Task item >> Copy the listing below in full and skip every picture.

Source material >>
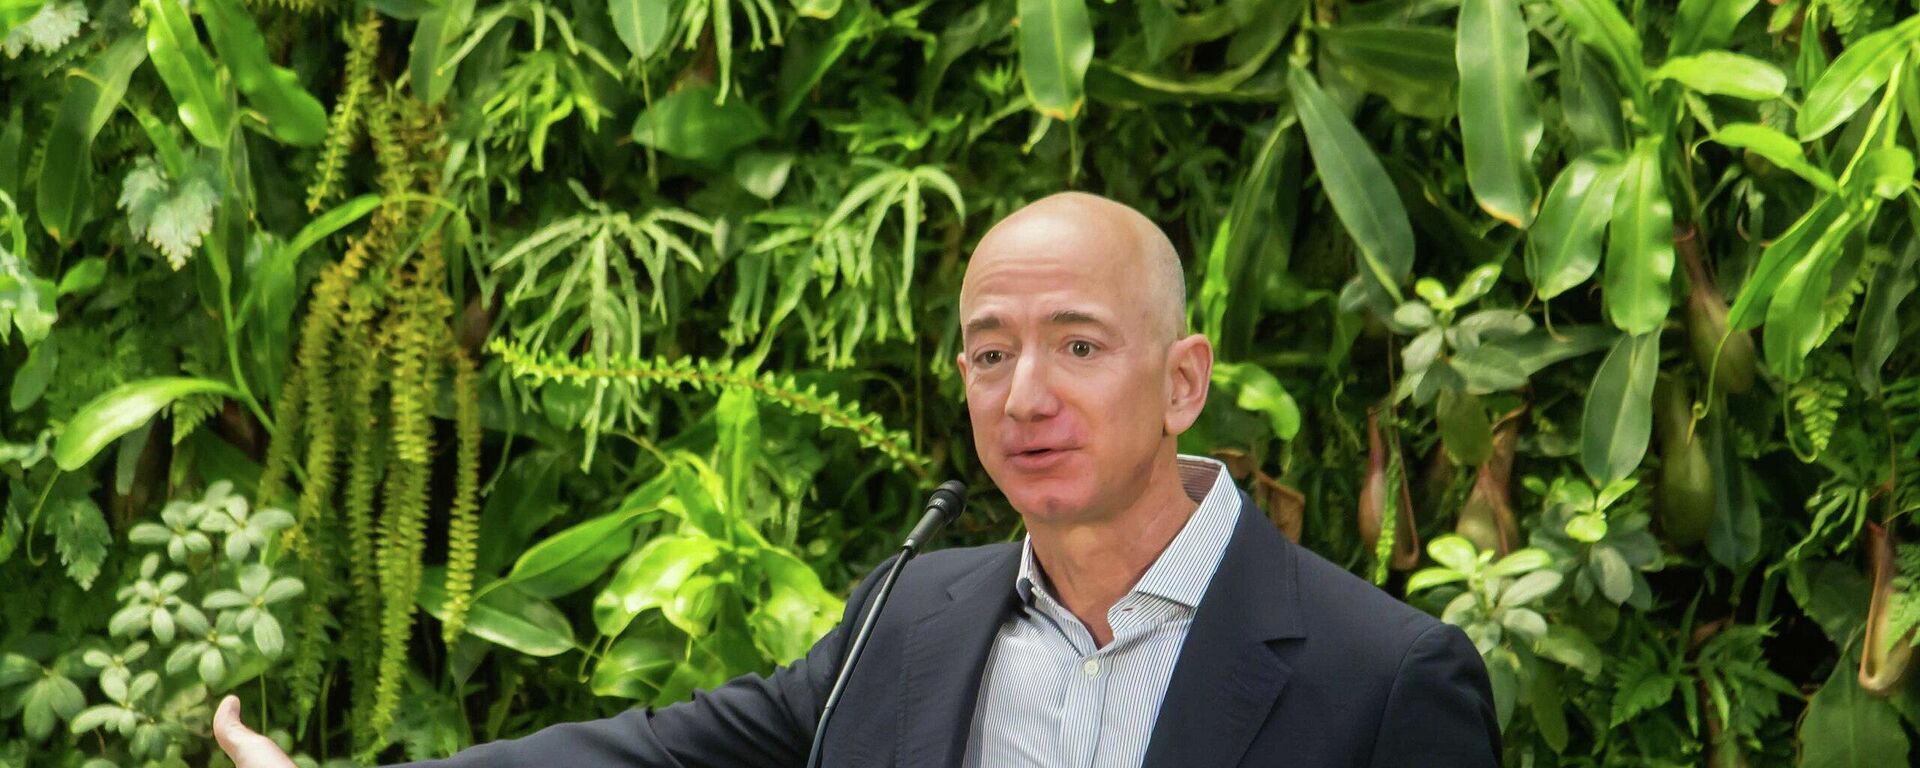 Džef Bezos, osnivač Amazona - Sputnik Srbija, 1920, 07.09.2021
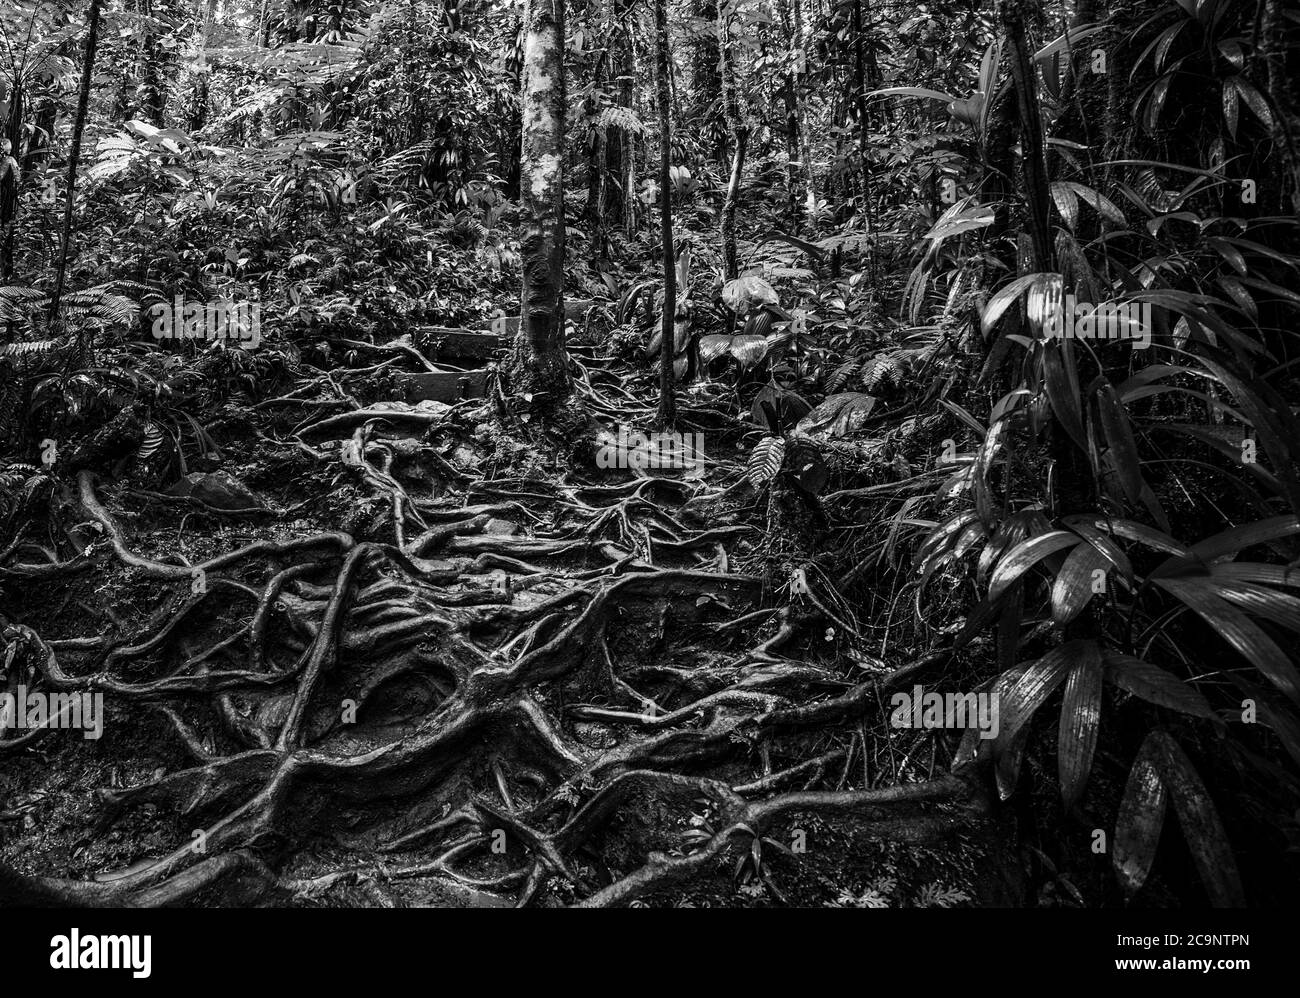 Racines et plantes vertes dans la jungle de Basse Terre, Guadeloupe. Antilles néerlandaises, Caraïbes. Effet noir et blanc Banque D'Images
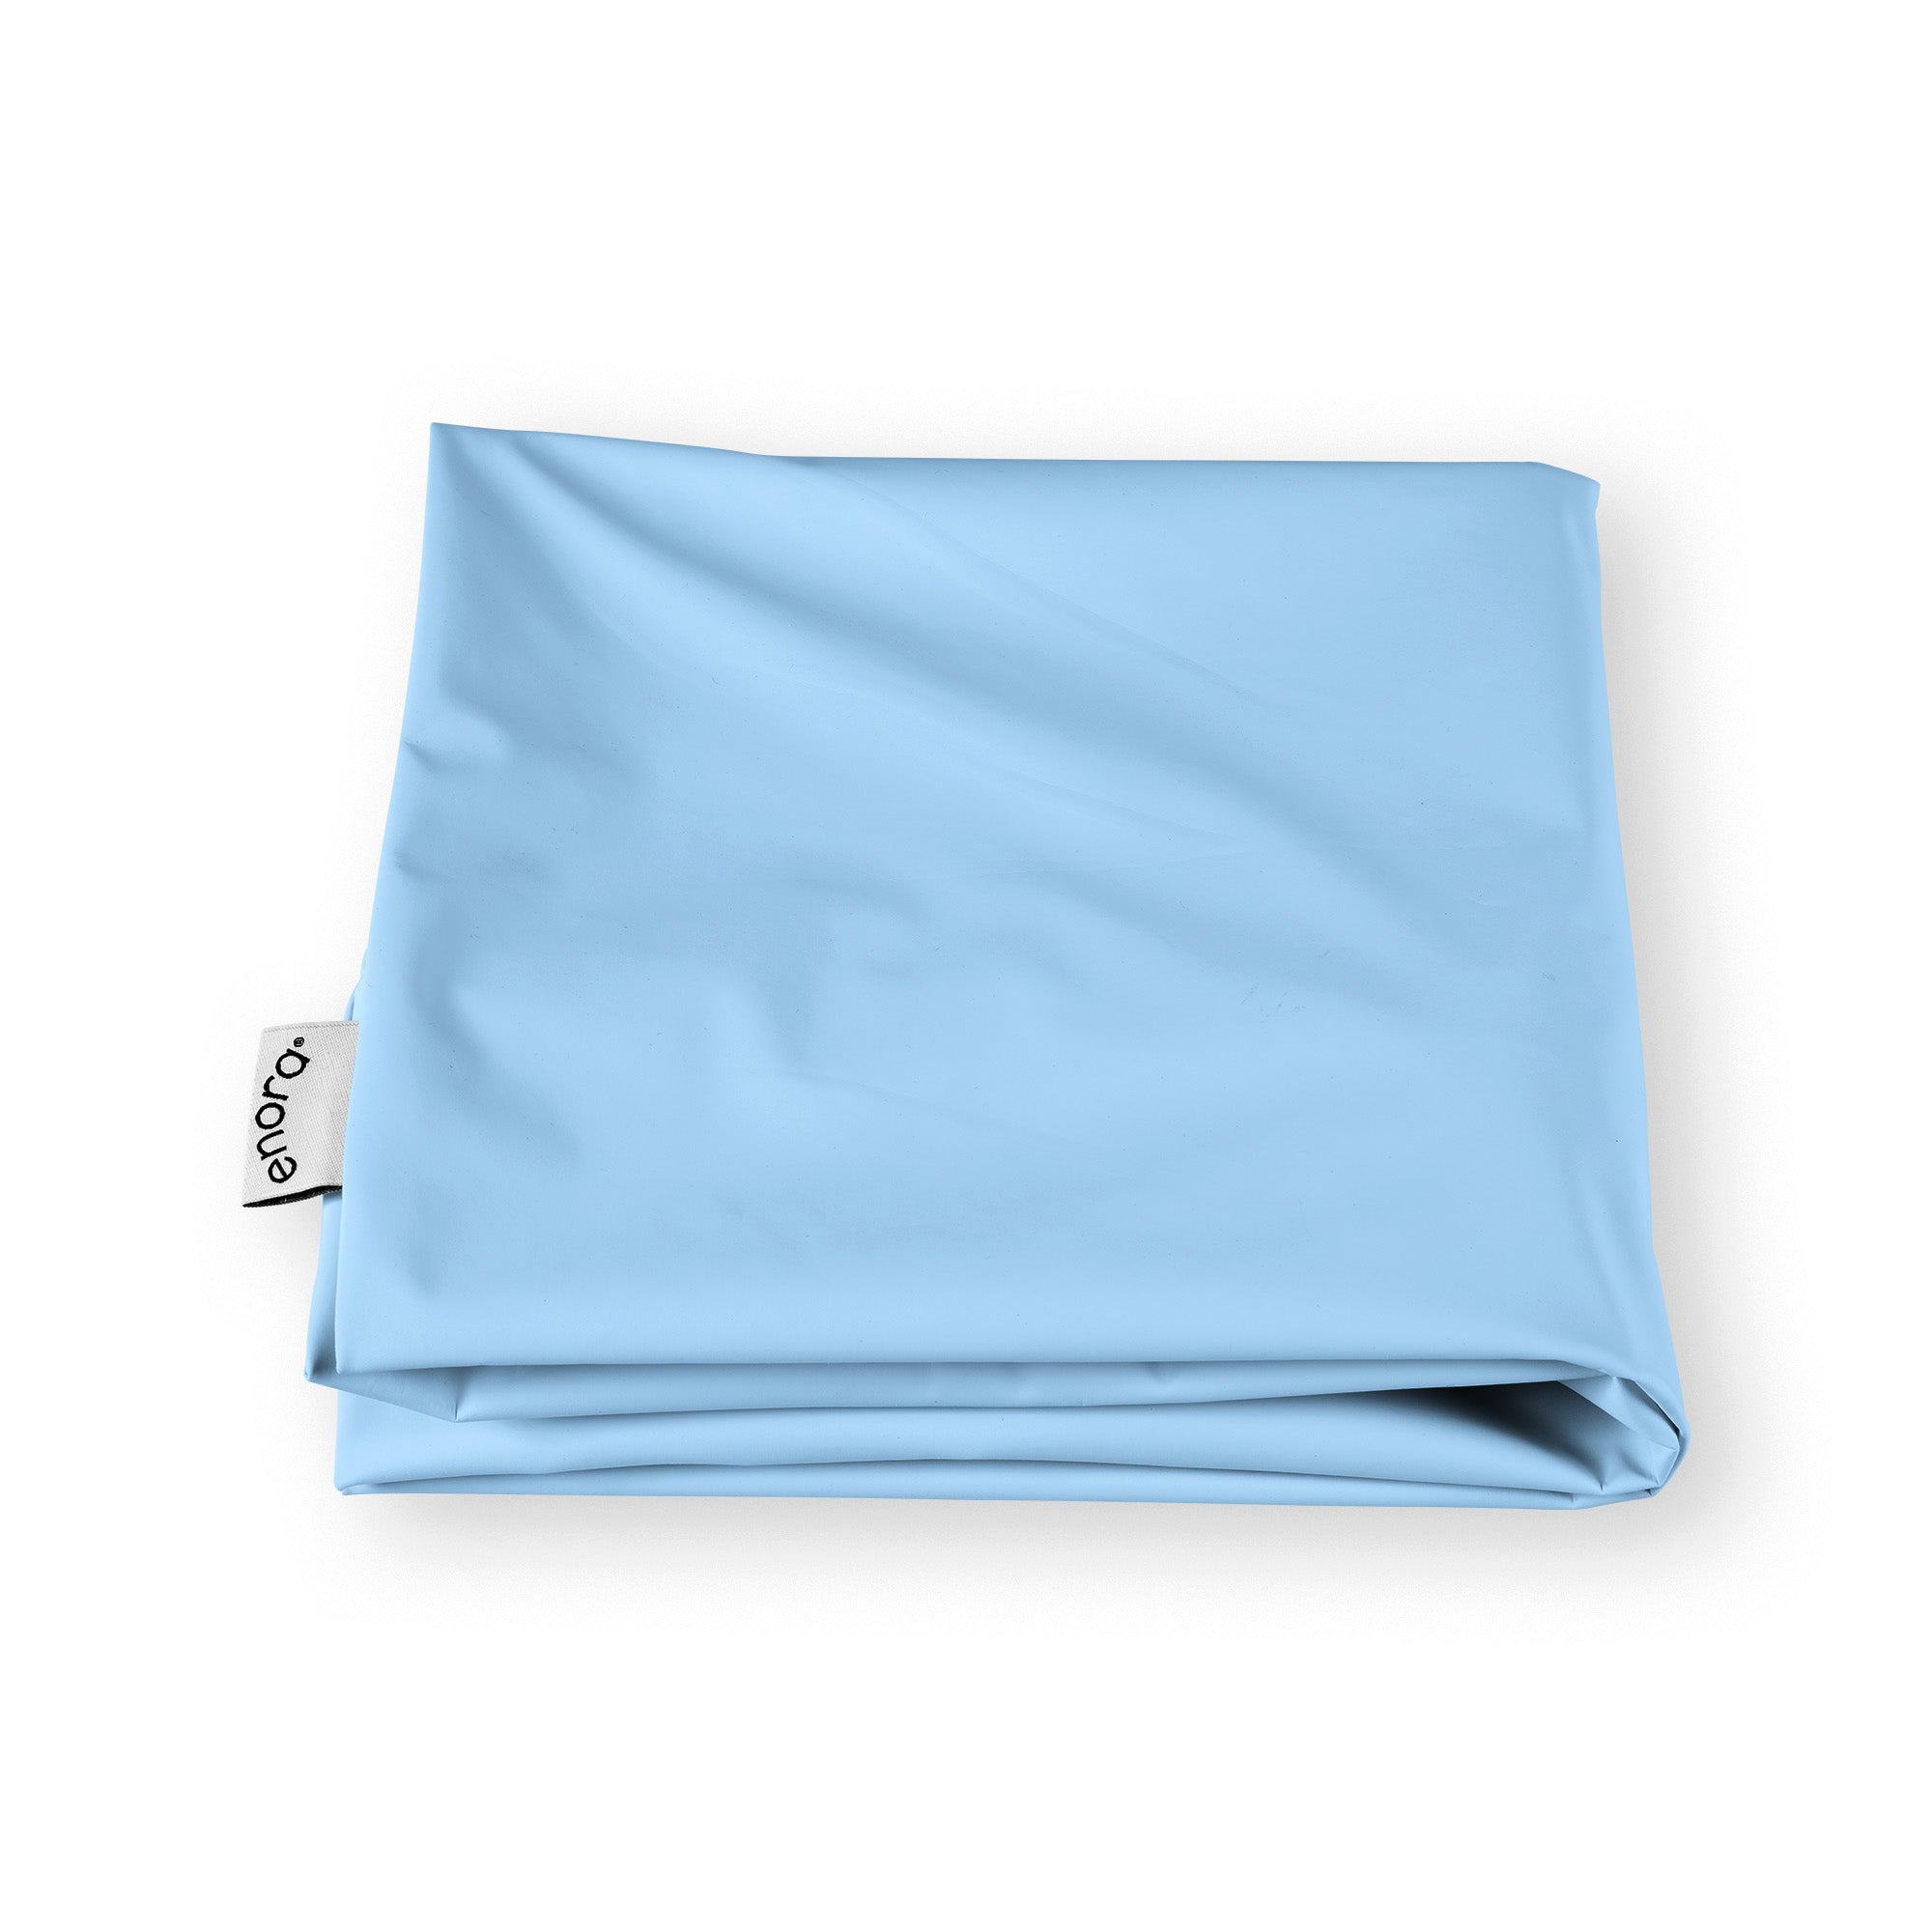 Enora® Air Cushion Extra Cover

Your solution >>
 Džef Bezos, osnivač Amazona - Sputnik Srbija, 1920, 07.09.2021
 Racines et plantes vertes dans la jungle de Basse Terre, Guadeloupe. Antilles néerlandaises, Caraïbes. Effet noir et blanc Banque D'Images
 Enora® Air Cushion Extra Cover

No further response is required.